So I did warn you that it was untested.

It still is, but I walked through it a bit more, and I realized that
while I had gotten rid of the extra allocations of the
cpu_vm_mask_var, I hadn't gotten rid of the freeing.

So that patch would definitely not have worked very well with
CONFIG_CPUMASK_OFFSTACK.

And I noticed that I moved the cpu_vm_mask back in the wrong space, it
should likely be as close as possible to the mm_context_t, since the
main user is likely the task switching code that touches that anyway.

So here's a slightly updated patch.

STILL TOTALLY UNTESTED! The fixes were just from eyeballing it a bit
more, not from any actual testing.

Linus


Attachments:
patch.diff (4.71 kB)

2011-05-29 18:44:08

by Linus Torvalds

[permalink] [raw]
Subject: Re: [PATCH] mm: Fix boot crash in mm_alloc()

On Sun, May 29, 2011 at 10:19 AM, Linus Torvalds
<[email protected]> wrote:
>
> STILL TOTALLY UNTESTED! The fixes were just from eyeballing it a bit
> more, not from any actual testing.

Ok, I eyeballed it some more, and tested both the OFFSTACK and ONSTACK
case, and decided that I had better commit it now rather than wait any
later since I'll do the -rc1 later today, and will be on an airplane
most of tomorrow.

The exact placement of the cpu_vm_mask_var is up for grabs. For
example, I started thinking that it might be better to put it *after*
the mm_context_t, since for the non-OFFSTACK case it's generally
touched at the beginning rather than the end.

And the actual change to make the mm_cachep kmem_cache_create() use a
variable-sized allocation for the OFFSTACK case is similarly left as
an exercise for the the reader. So effectively, this reverts a lot of
de03c72cfce5, but does so in a way that should make very it easy to
get back to where KOSAKI was aiming for.

Whatever. I was hoping to get comments on it, but I think I need to
rather push it out to get tested and public than wait any longer. The
patch *looks* fine, tests ok on my machine, and removes more lines
than it adds despite the new big comment.

Linus

2011-05-30 01:12:38

by KOSAKI Motohiro

[permalink] [raw]
Subject: Re: [PATCH] mm: Fix boot crash in mm_alloc()

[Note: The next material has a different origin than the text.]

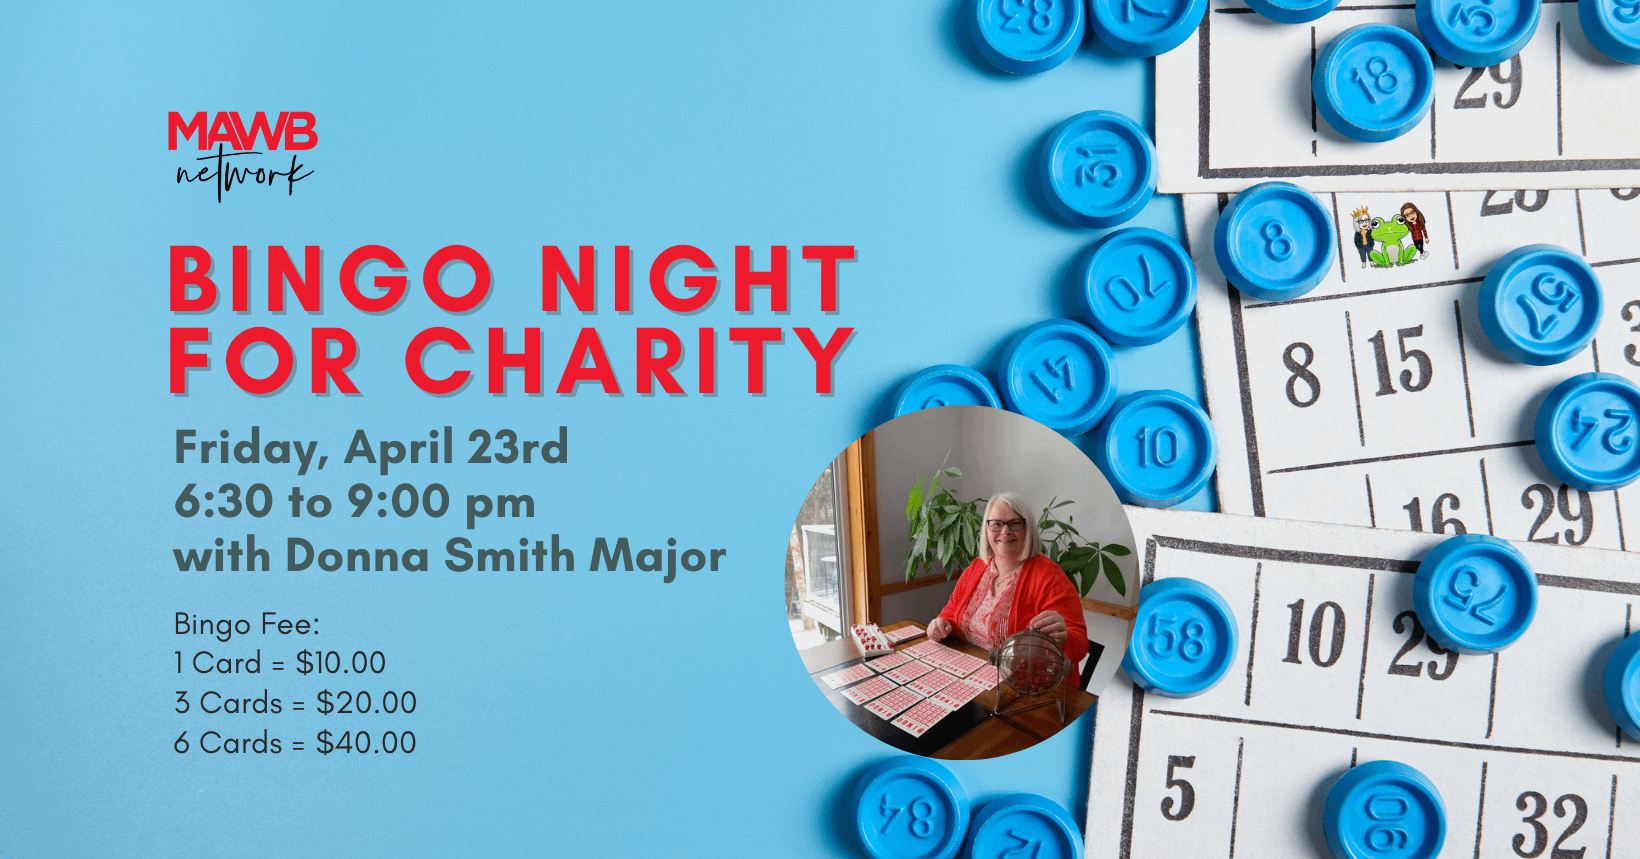 MAWB Events - Bingo Night - April 23

(2011/05/30 3:43), Linus Torvalds wrote:
> On Sun, May 29, 2011 at 10:19 AM, Linus Torvalds
> <[email protected]> wrote:
>>
>> STILL TOTALLY UNTESTED! The fixes were just from eyeballing it a bit
>> more, not from any actual testing.
>
> Ok, I eyeballed it some more, and tested both the OFFSTACK and ONSTACK
> case, and decided that I had better commit it now rather than wait any
> later since I'll do the -rc1 later today, and will be on an airplane
> most of tomorrow.
>
> The exact placement of the cpu_vm_mask_var is up for grabs. For
> example, I started thinking that it might be better to put it *after*
> the mm_context_t, since for the non-OFFSTACK case it's generally
> touched at the beginning rather than the end.
>
> And the actual change to make the mm_cachep kmem_cache_create() use a
> variable-sized allocation for the OFFSTACK case is similarly left as
> an exercise for the the reader. So effectively, this reverts a lot of
> de03c72cfce5, but does so in a way that should make very it easy to
> get back to where KOSAKI was aiming for.
>
> Whatever. I was hoping to get comments on it, but I think I need to
> rather push it out to get tested and public than wait any longer. The
> patch *looks* fine, tests ok on my machine, and removes more lines
> than it adds despite the new big comment.

Hi

Thank you Linus and I'm sorry for bother you and guys. So, if I understand
this thread correctly, rest my homework is 1) make cpumask_allocation variable
size 2) remove NR_CPUS bit fill/copy from fork/exec path. Right?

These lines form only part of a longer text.